Kamis, 25 Oktober 2012

TSI dan Bionarasi Tubuh Terbelah


Aneh rasanya ketika harus menyaksikan sebuah pentas teater di tempat yang tidak biasanya. Kenapa dibilang aneh? Karena bagiku ini kali pertama menyaksikan pagelaran teater di sebuah tempat yang jauh dari keramaian hiruk pikuk kota. Bertempat di kelurahan Dalung kota Serang sebuah teater berjudul “Emergency : Bionarasi Tubuh Terbelah” itu disuguhkan.

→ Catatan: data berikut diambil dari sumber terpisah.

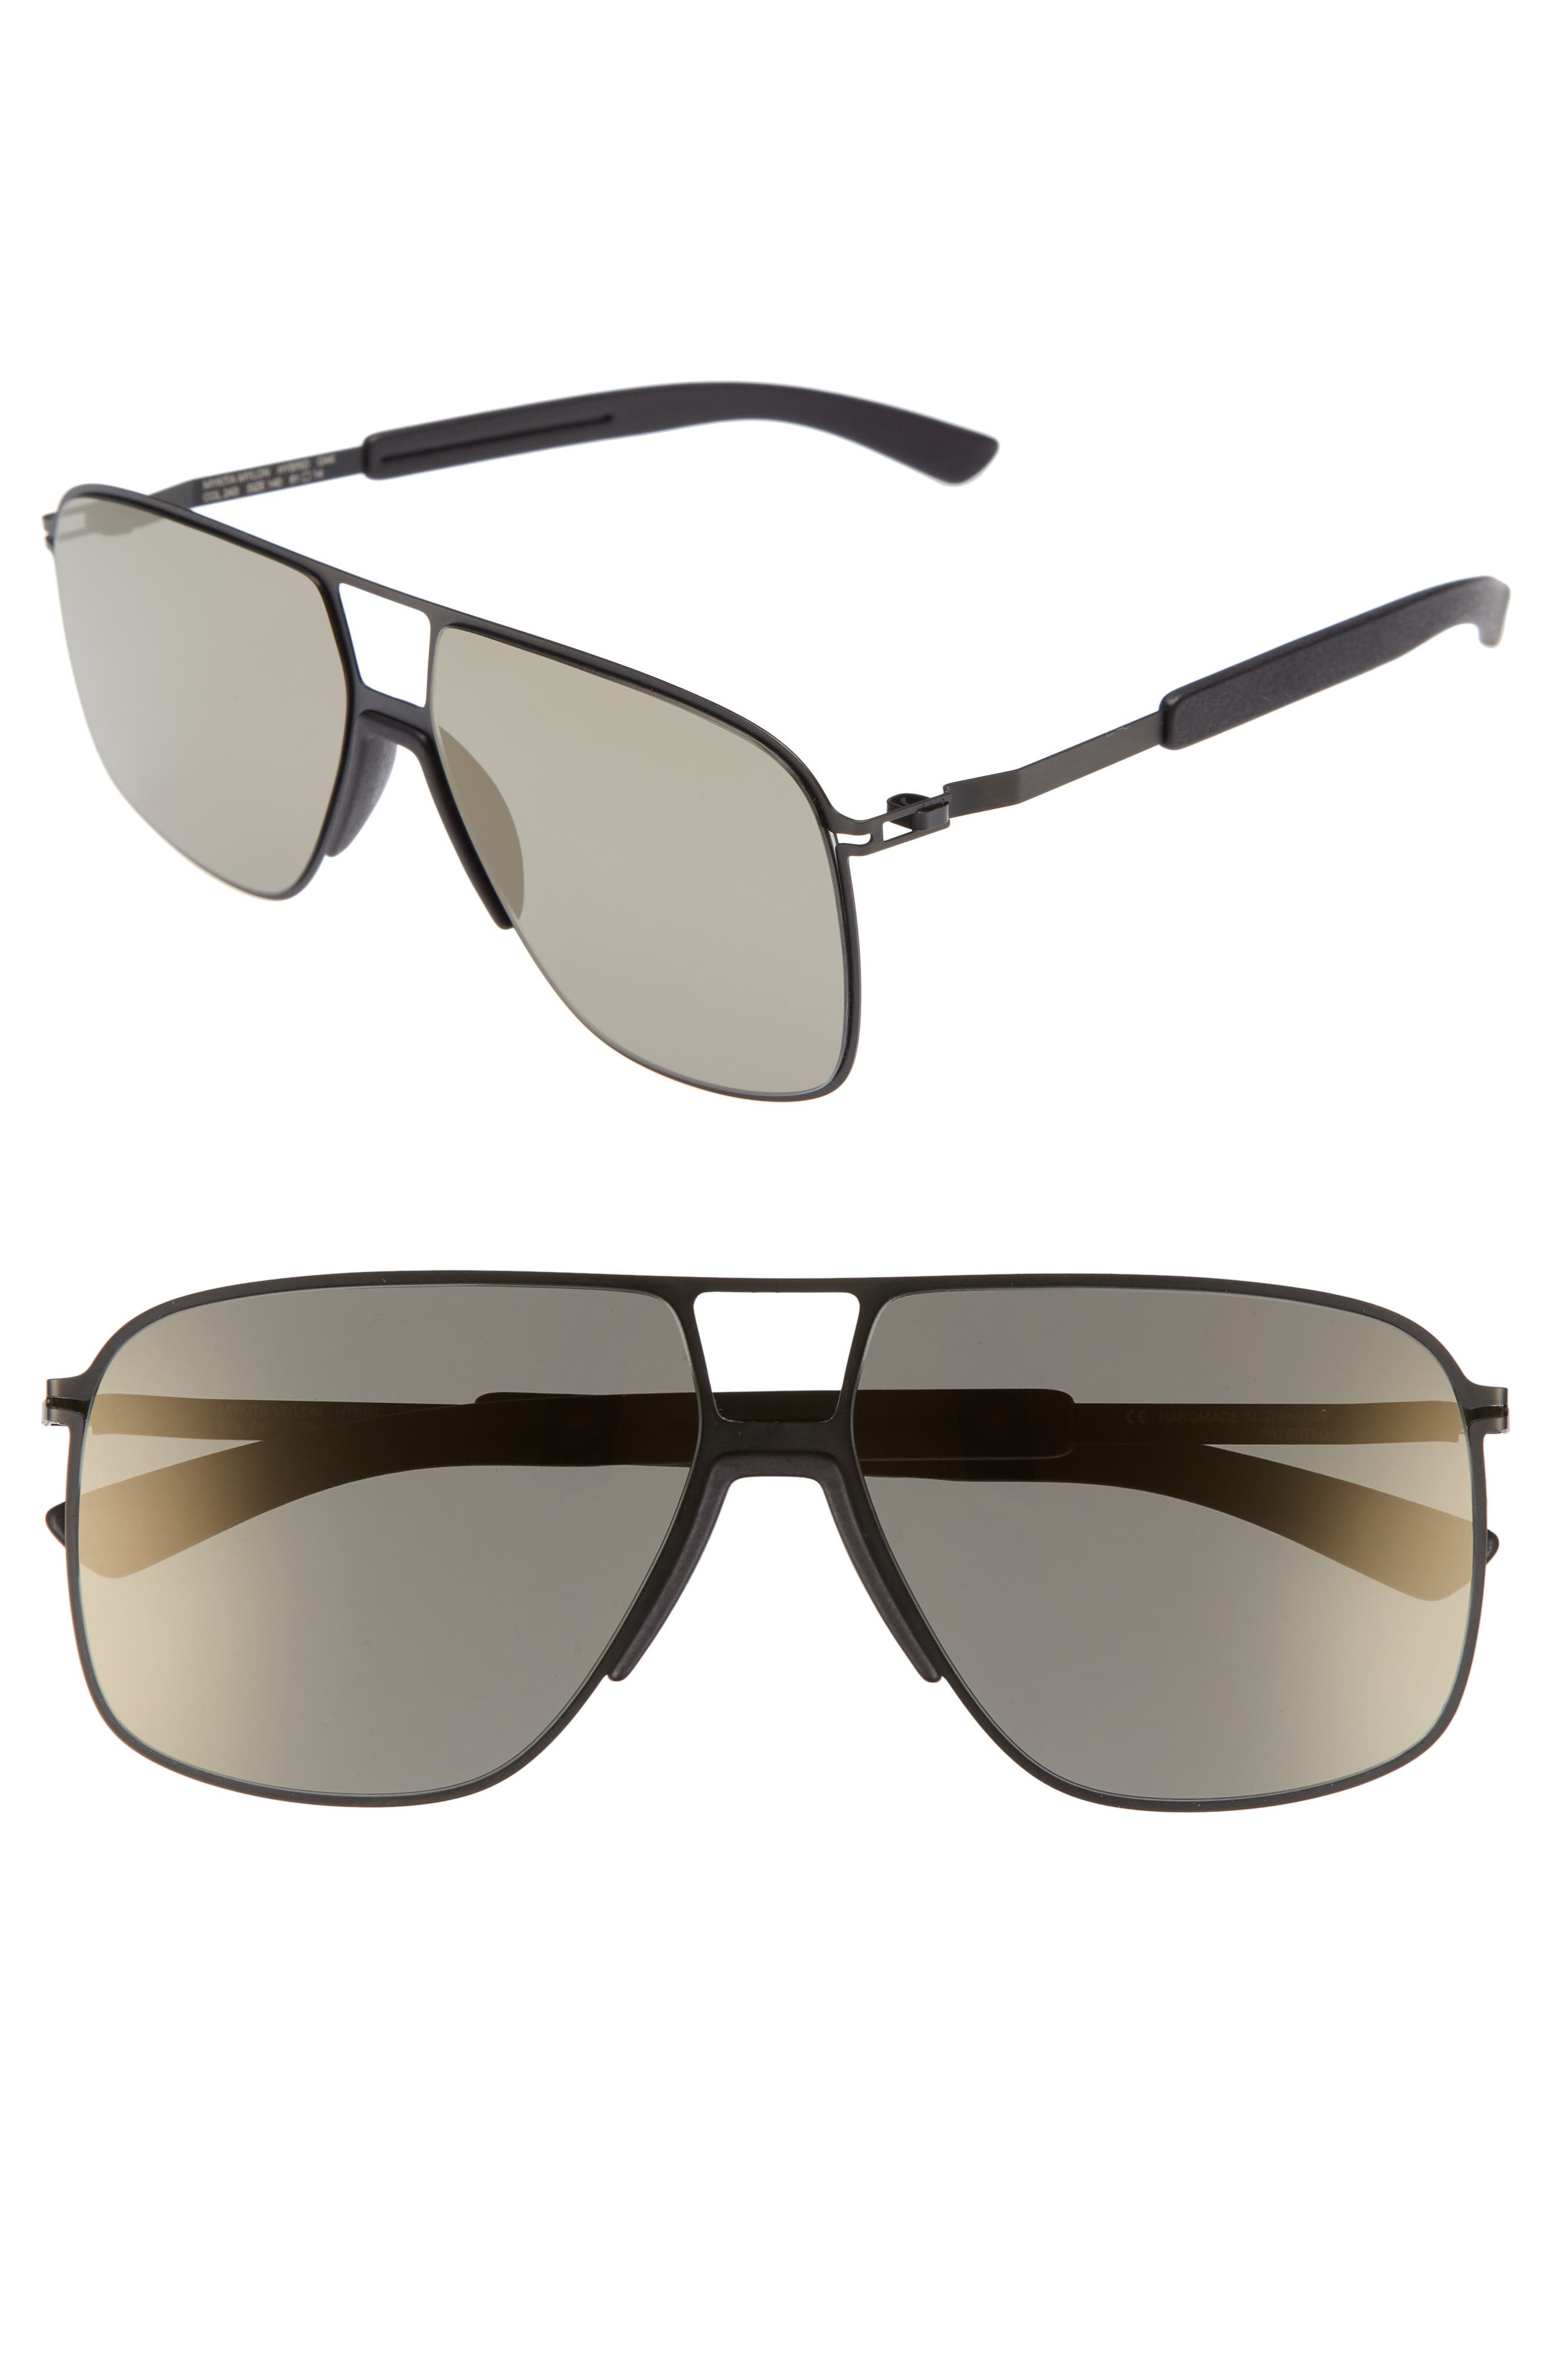 Oak 61mm Aviator Sunglasses,                             Main thumbnail 1, color,                             001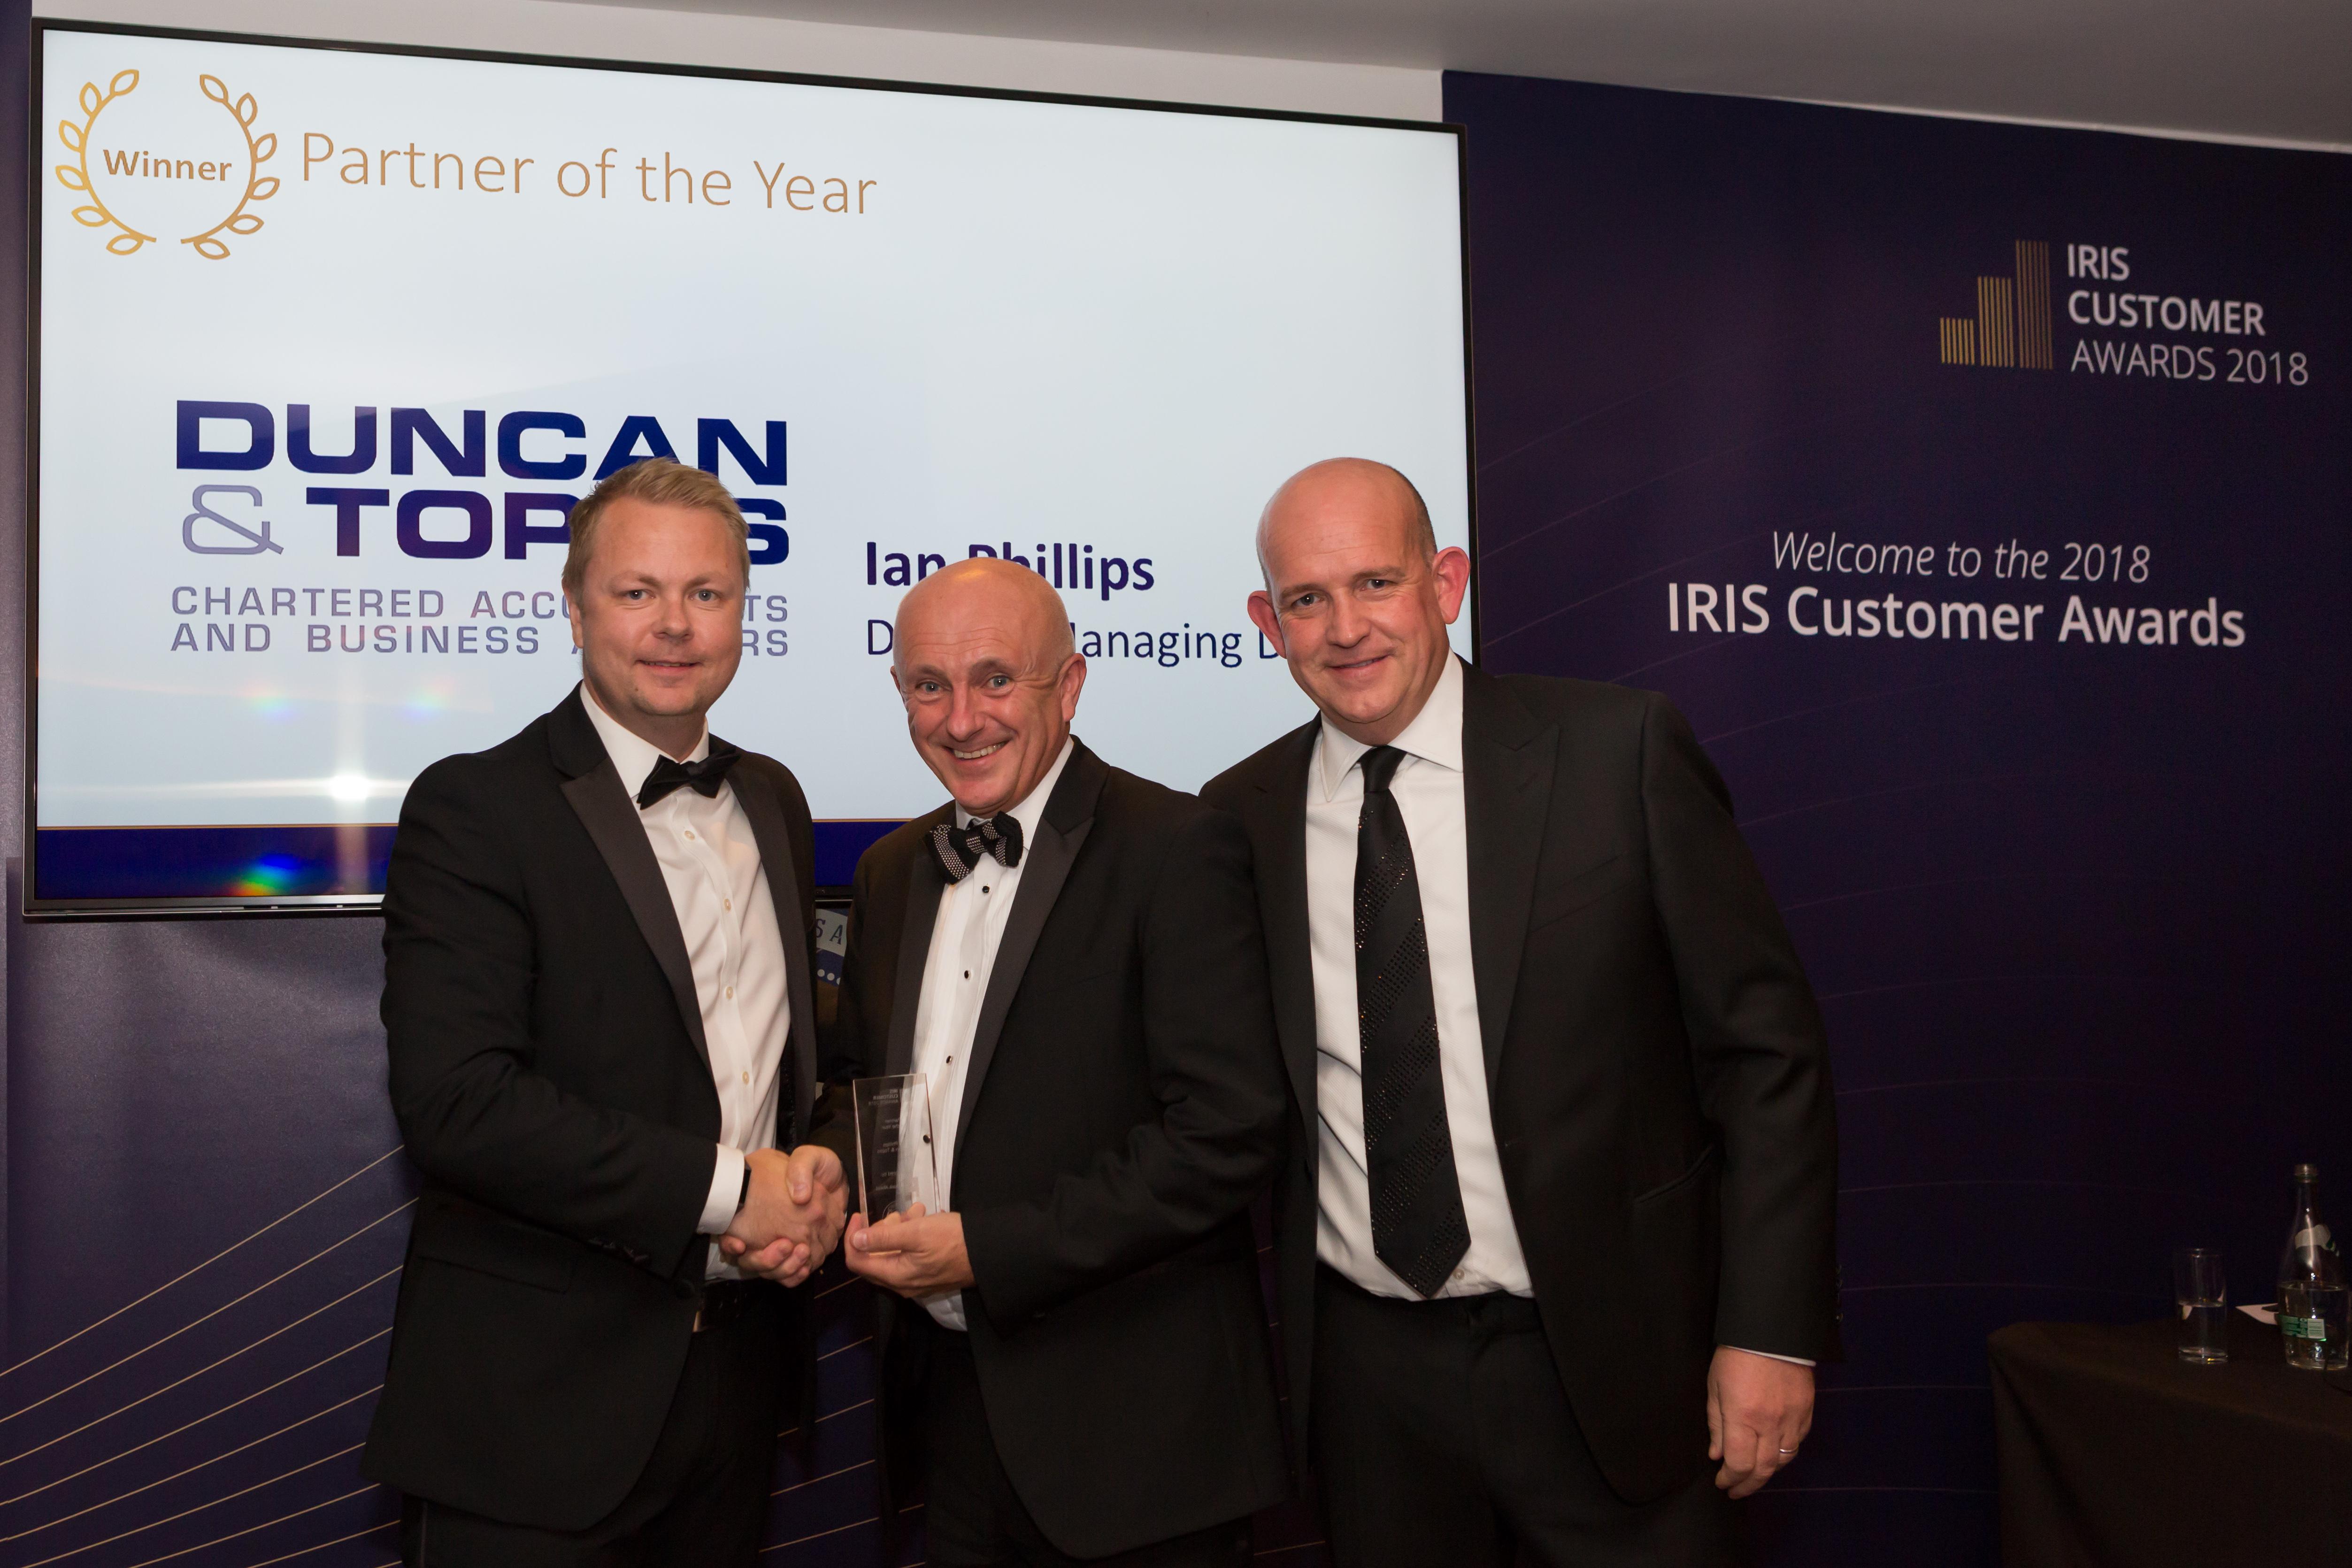 Duncan & Toplis director named 'Partner of the Year'

Konsep pertunjukannya pun sangat berbeda dengan pagelaran teater yang biasanya aku tonton. Tidak ada panggung ataupun setting lampu selayaknya sebuah pentas teater. Entah dengan maksud apa sutradara pementasan itu membuat tata pentas sedemikian rupa. Kesan pertama bagiku adalah aneh tapi mungkin itu merupakan bagian dari konsep sutradara sendiri.

Panggung Pentas
Pementasan “Bioanarasi Tubuh Terbelah” Karya dan Sutradara Nandang Aradea ini tidak memakai sarana gedung pertunjukan untuk menggelar aksinya. Tempat pentas hanya berupa lapangan rumput yang ditutupi oleh tumpukan daun bambu sebagai tanda disanalah peristiwa teater itu berlangsung. Pola penonton dibiarkan melingkar mengelilingi arena pertunjukan. Tak ada kursi ataupun tikar sebagai alas duduk. Sang sutradara seperti ingin mengembalikan ingatan para penonton pada alam terbuka. Buatku sendiri seperti menangkap sebuah pesan tersembunyi jika pentas teater tidak hanya terjadi dalam gedung yang memiliki set lengkap tapi pentas teater itu bisa dimana saja. Karena yang terpenting bukanlah tempat tapi peristiwa apa yang akan disuguhkan oleh teater itu sendiri.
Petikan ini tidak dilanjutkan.